The film opens with what turns out to be something of a false protagonist: Said (Syuleyman Letifov, a non-professional actor who appeared in Western), a man who returns to the town where he grew up looking to make some kind of business arrangement. While waiting for his contact, he checks into a dingy hotel, gets his car stolen, and the following day runs into Veska (Yana Radeva), an old acquaintance — or perhaps something more — who now lives in the nearby village of Matochina, where she leads a group of amateur archaeologists combing the area’s ruins for artifacts of commercial value. She takes him in, folds him into her circle, and an old friendship quietly picks up where it left off.

The region is thick with darker currents: human trafficking, fuel smuggling, prostitution, and other murky dealings that seem to involve everyone in one way or another. Two rival factions — one led by the younger Raven, one by the veteran Iliya — compete for local dominance, and virtually everyone in town has some relationship with both sides, whether they admit it or not. When Said abruptly disappears, the film pivots entirely to Veska — part reluctant investigator trying to trace him, part simply a person getting on with her life, navigating the routines and small crises of a small town that holds a great many secrets.

The finest moments in The Dreamed Adventure — a film with the basic architecture of a crime story but no patience for impatient viewers — are its most casual and unguarded ones. Grisebach builds the film out of nighttime gatherings in courtyards, wine passed around, stories surfacing without being prompted, the connections between people gradually revealing their unexpected depths. The community is warm, generous, tight-knit — and coexists, in uneasy equilibrium, with what feels like a gangland war on the verge of erupting.

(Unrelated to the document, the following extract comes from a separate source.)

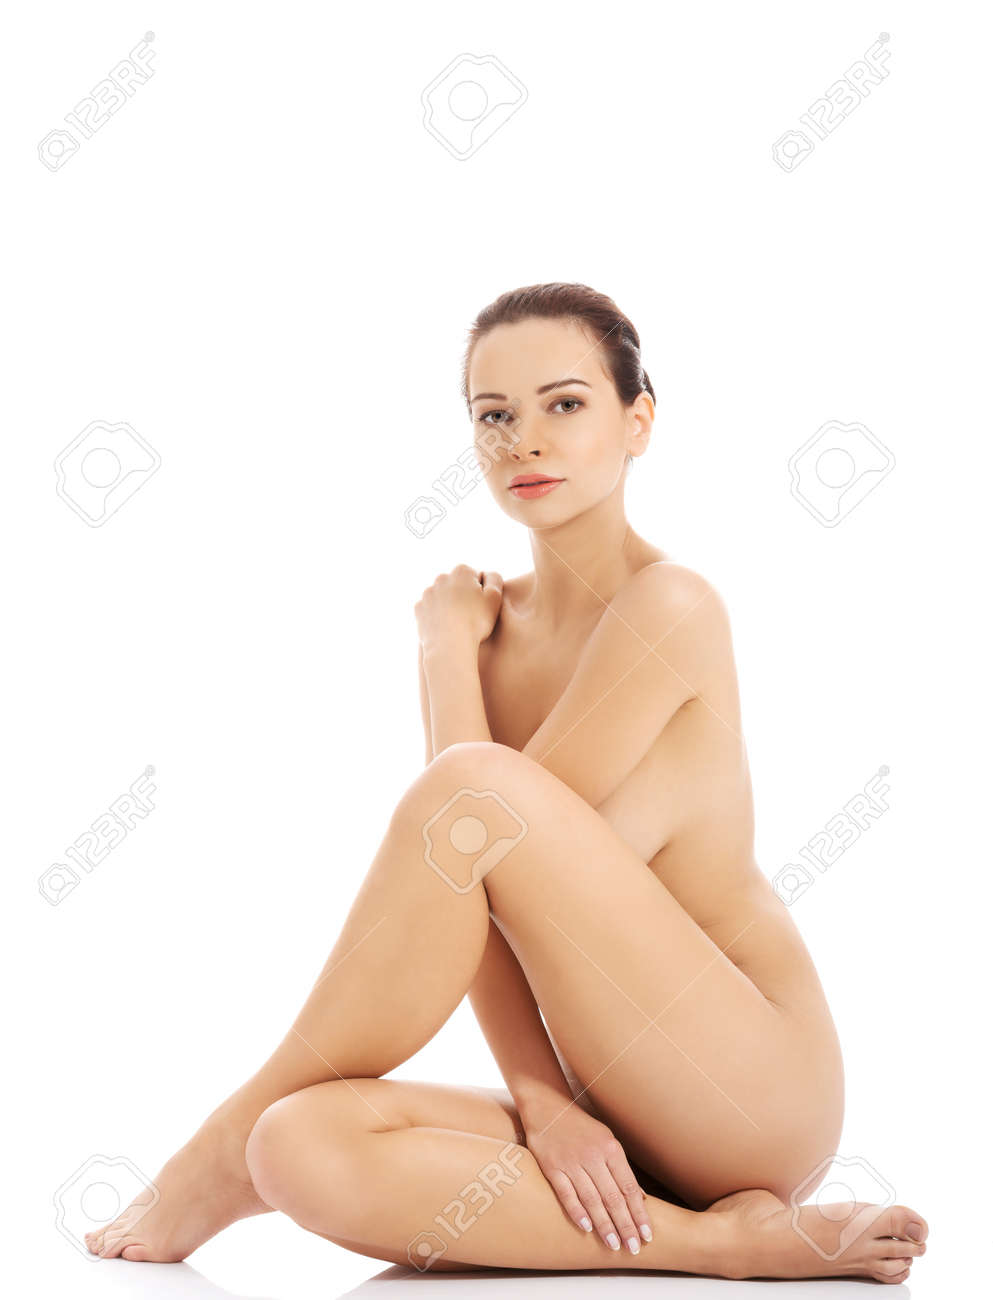 Free small virgin pussy pics
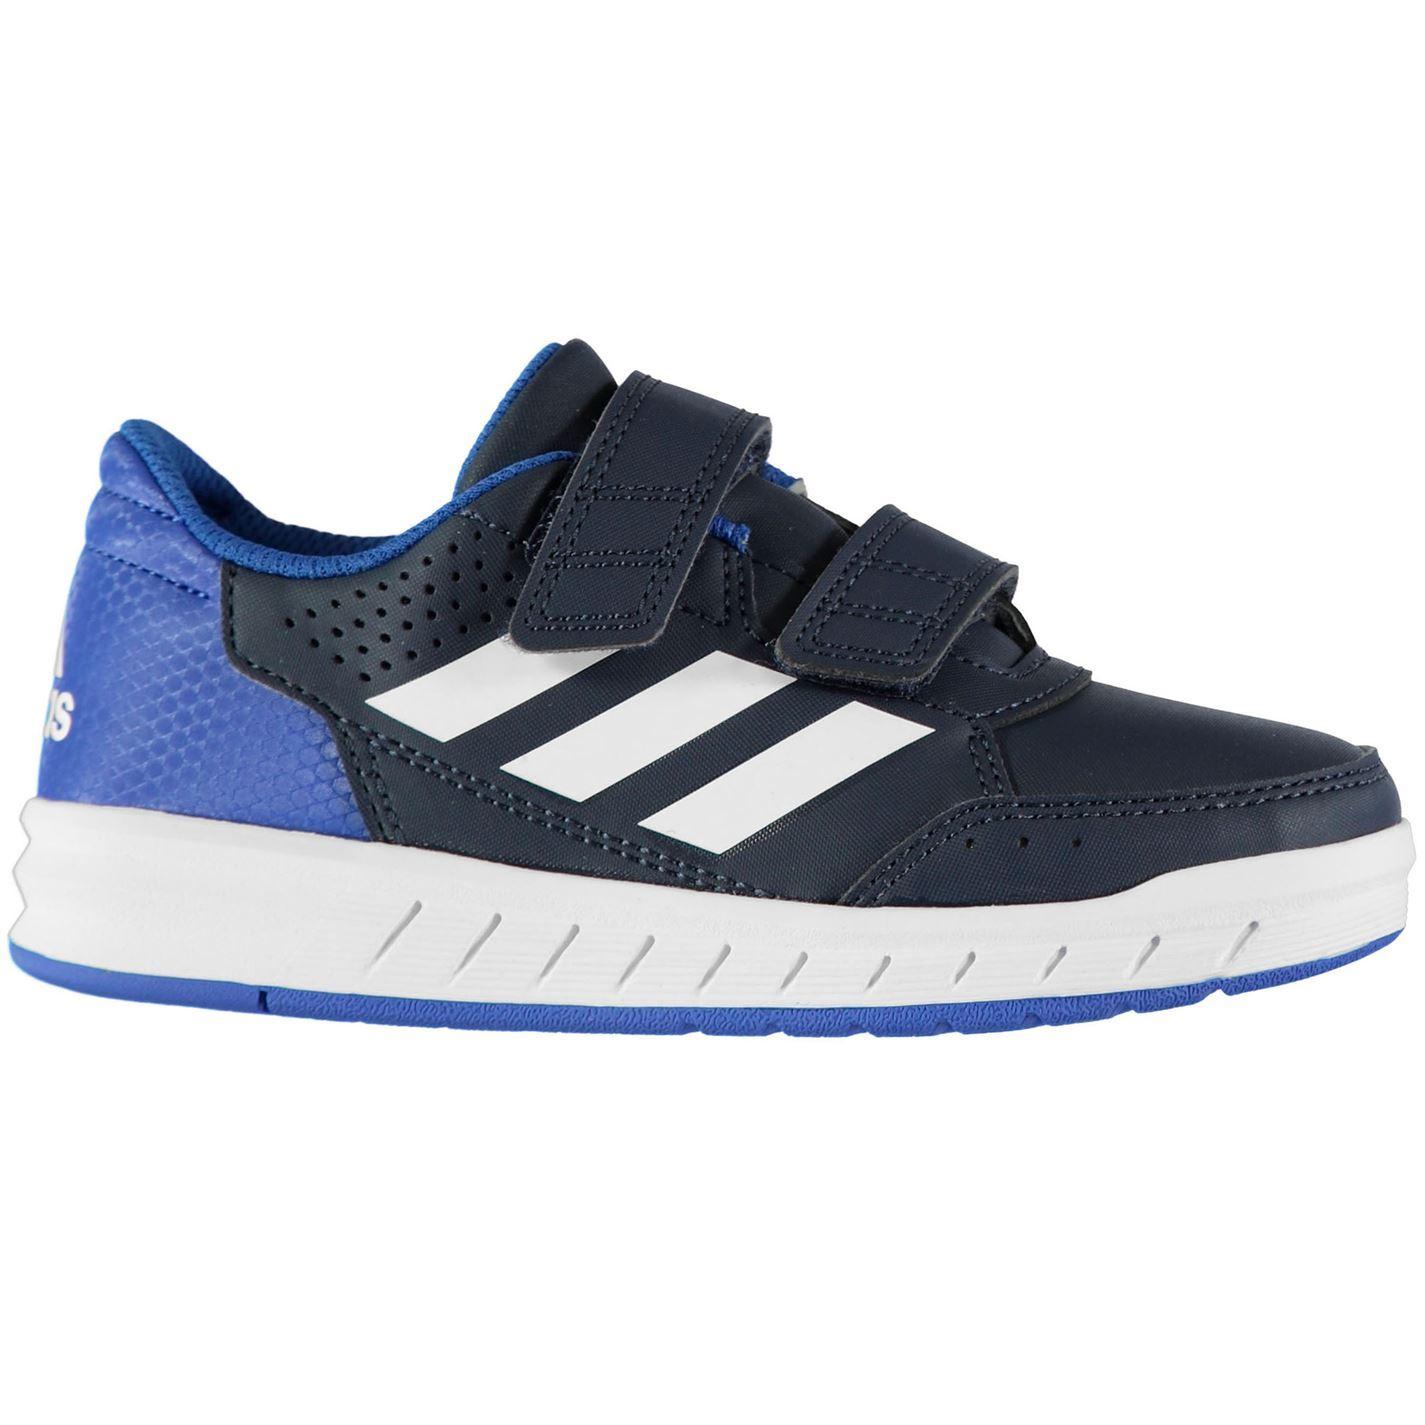 miniatura 12 - ADIDAS-alta-Sport-CF-Scarpe-da-ginnastica-bambino-ragazzo-calzature

Veska moves through all of this with quiet authority. A woman of apparent composure in a world run largely by men, she carries herself with the self-possession of someone who has already survived whatever was hardest. The film never quite tells us what that was, but it shapes her in every scene — her instincts, her patience, her ability to get what she needs even when she can’t fully control the outcome. Her perspective gives the film its moral center, and its underlying preoccupation with violence as something that comes, almost invariably, from men.

Scenes of outright tension and menace do arrive, but they are few and concentrated toward the end. For most of its runtime, The Dreamed Adventure presents itself as a portrait — of a community, of a country, of a generation or two that has found ways to survive in a world that can be rough and unforgiving. Celebrations, meals, songs and gatherings coexist, in tense calm, with the darker undercurrent of weapons, trafficking and quietly sinister figures. But Grisebach understands — and insists — that people, communities and cultures are always richer and more contradictory than the version that makes it onto the evening news when a scandal breaks.